■ **EXTRACTED INFORMATION**
§

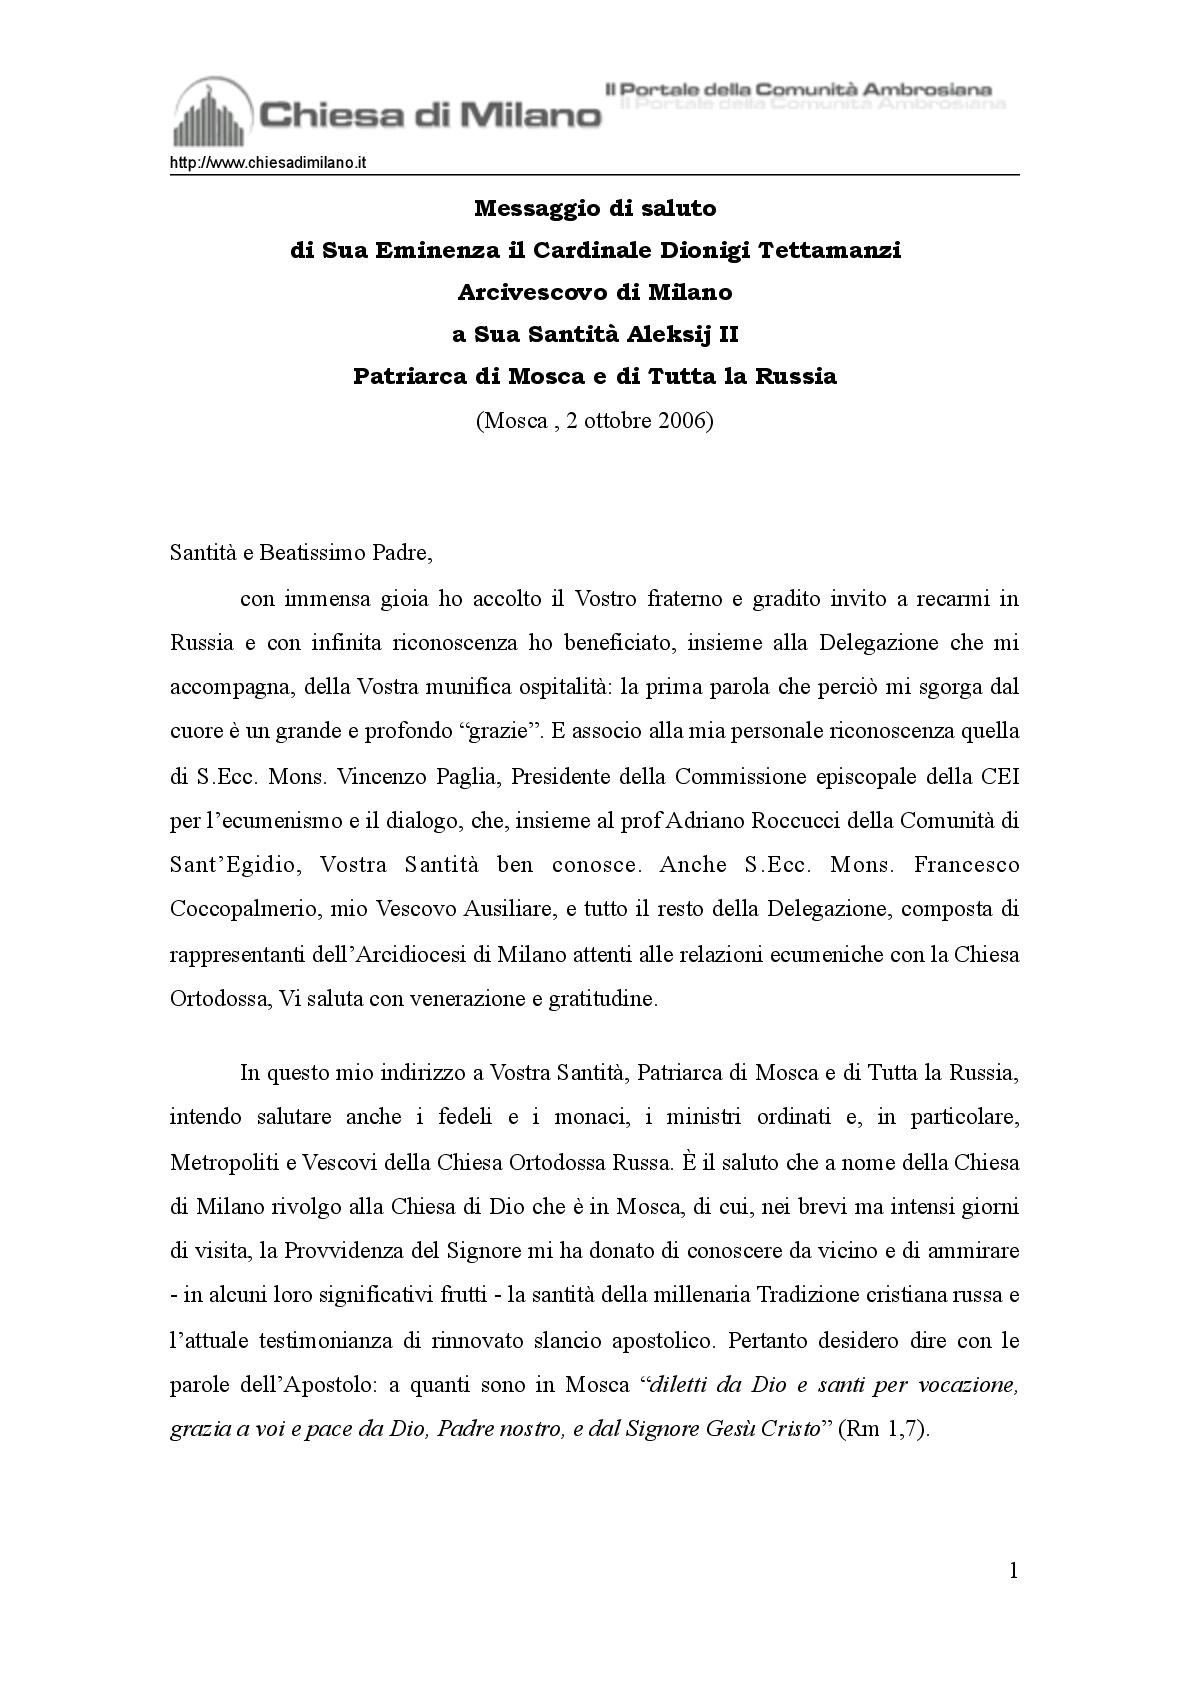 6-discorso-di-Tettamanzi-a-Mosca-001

§

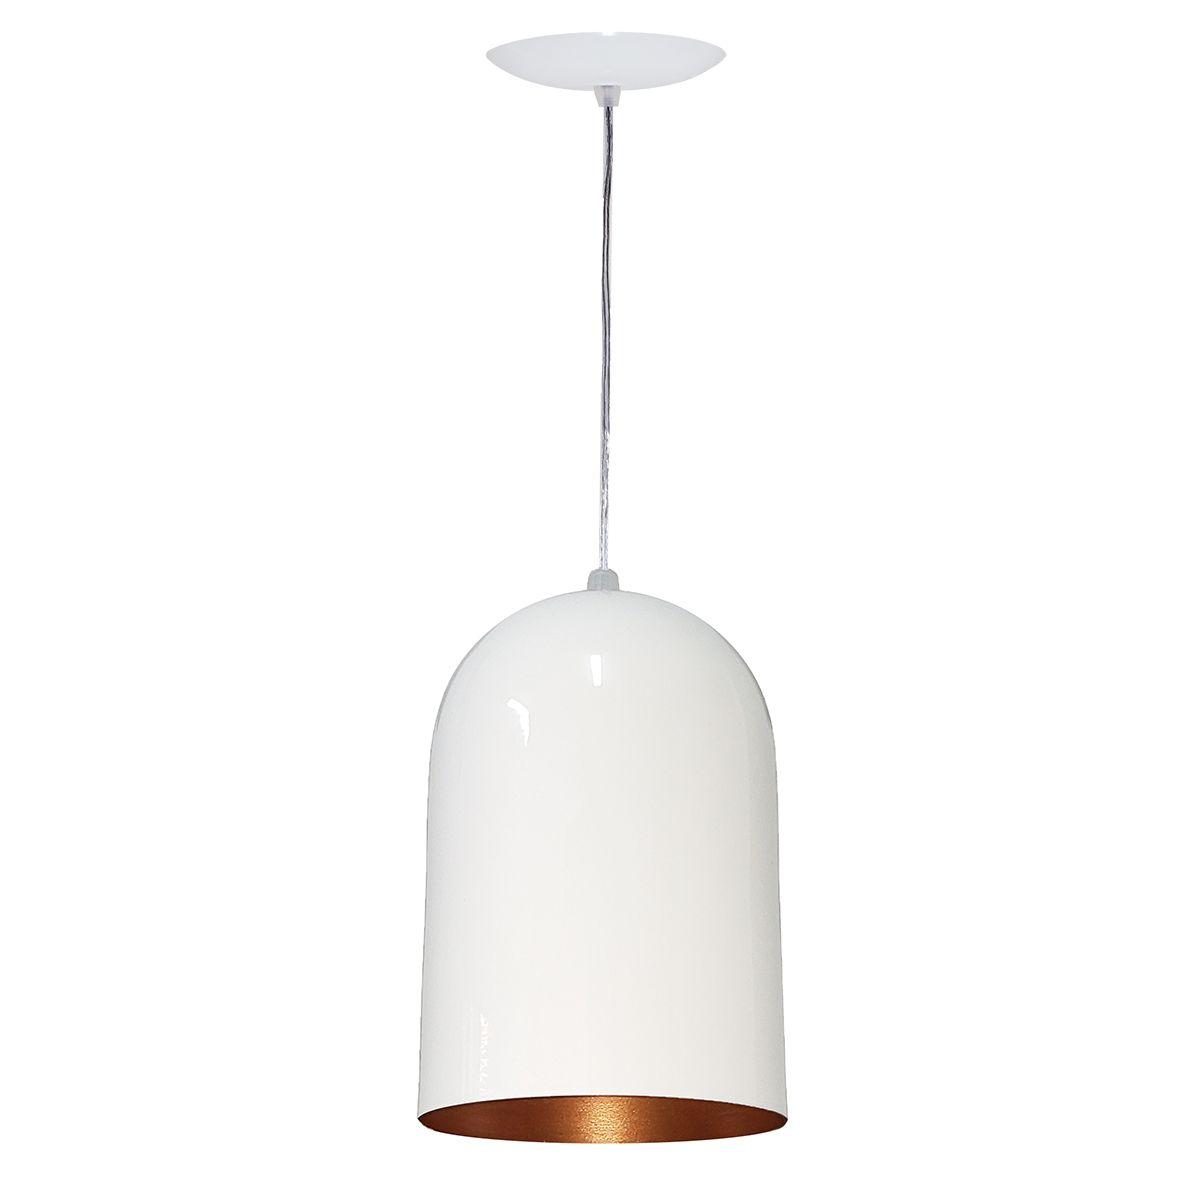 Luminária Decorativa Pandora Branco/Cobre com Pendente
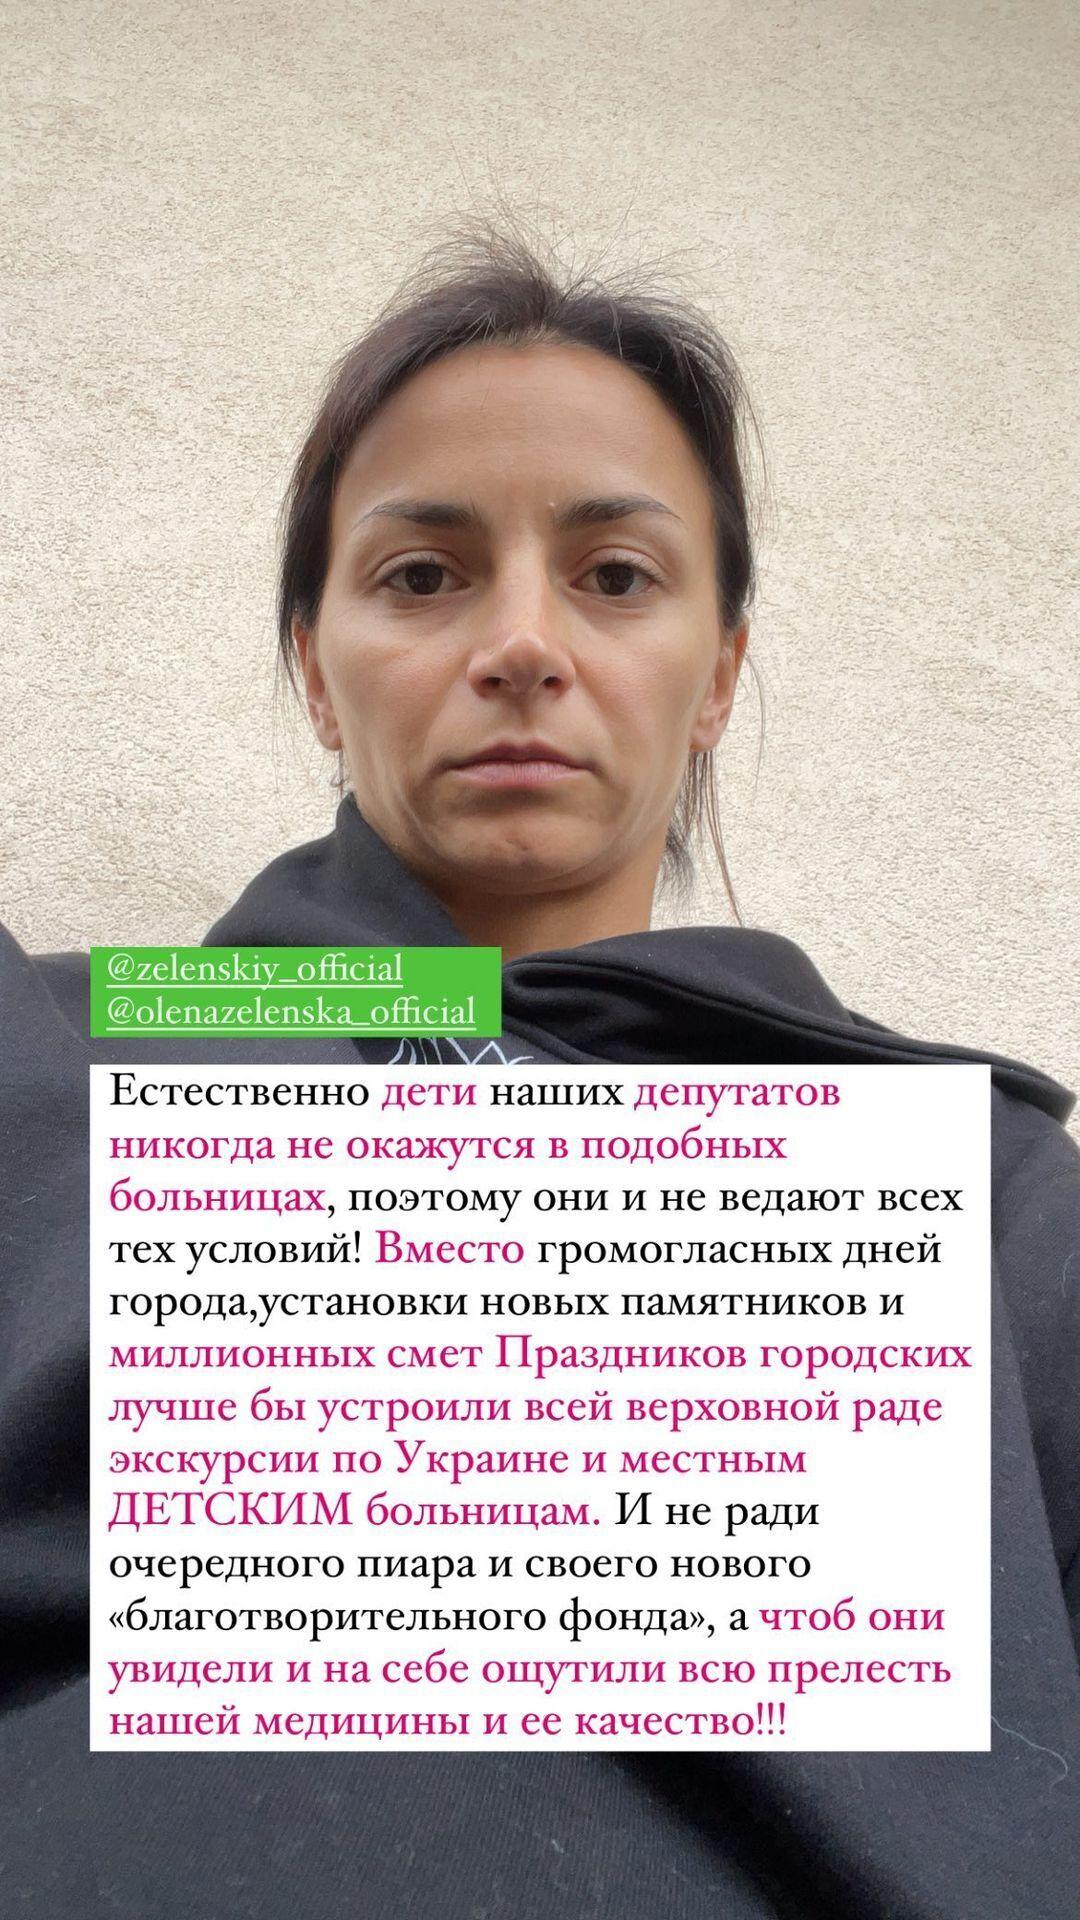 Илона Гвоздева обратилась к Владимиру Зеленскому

§

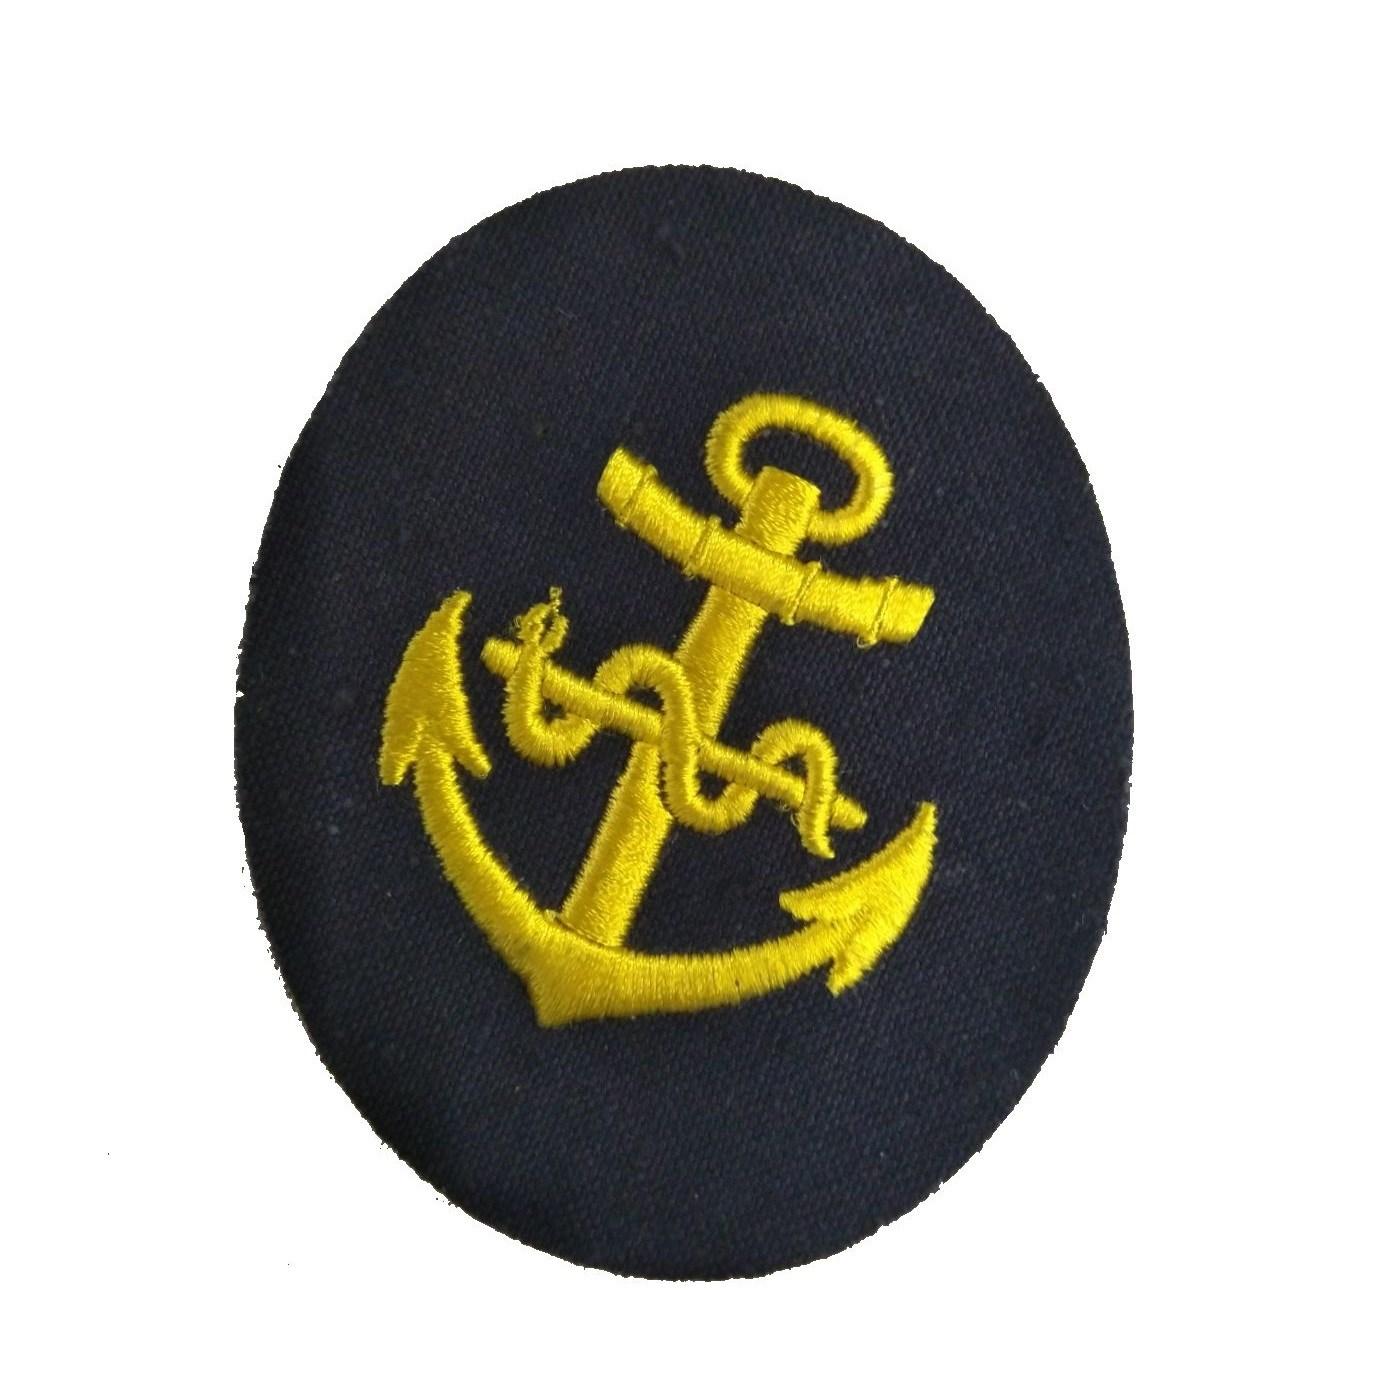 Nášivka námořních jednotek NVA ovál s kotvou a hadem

§

■ **TASK BRIEF**
Output exactly the lines above that lie between the line with "Luminária Decorativa Pandora" and the line with "Илона Гвоздева обратилась", those two lines included, and no pictures.

■ **OUTPUT FOR THIS TASK**
 Luminária Decorativa Pandora Branco/Cobre com Pendente
 Илона Гвоздева обратилась к Владимиру Зеленскому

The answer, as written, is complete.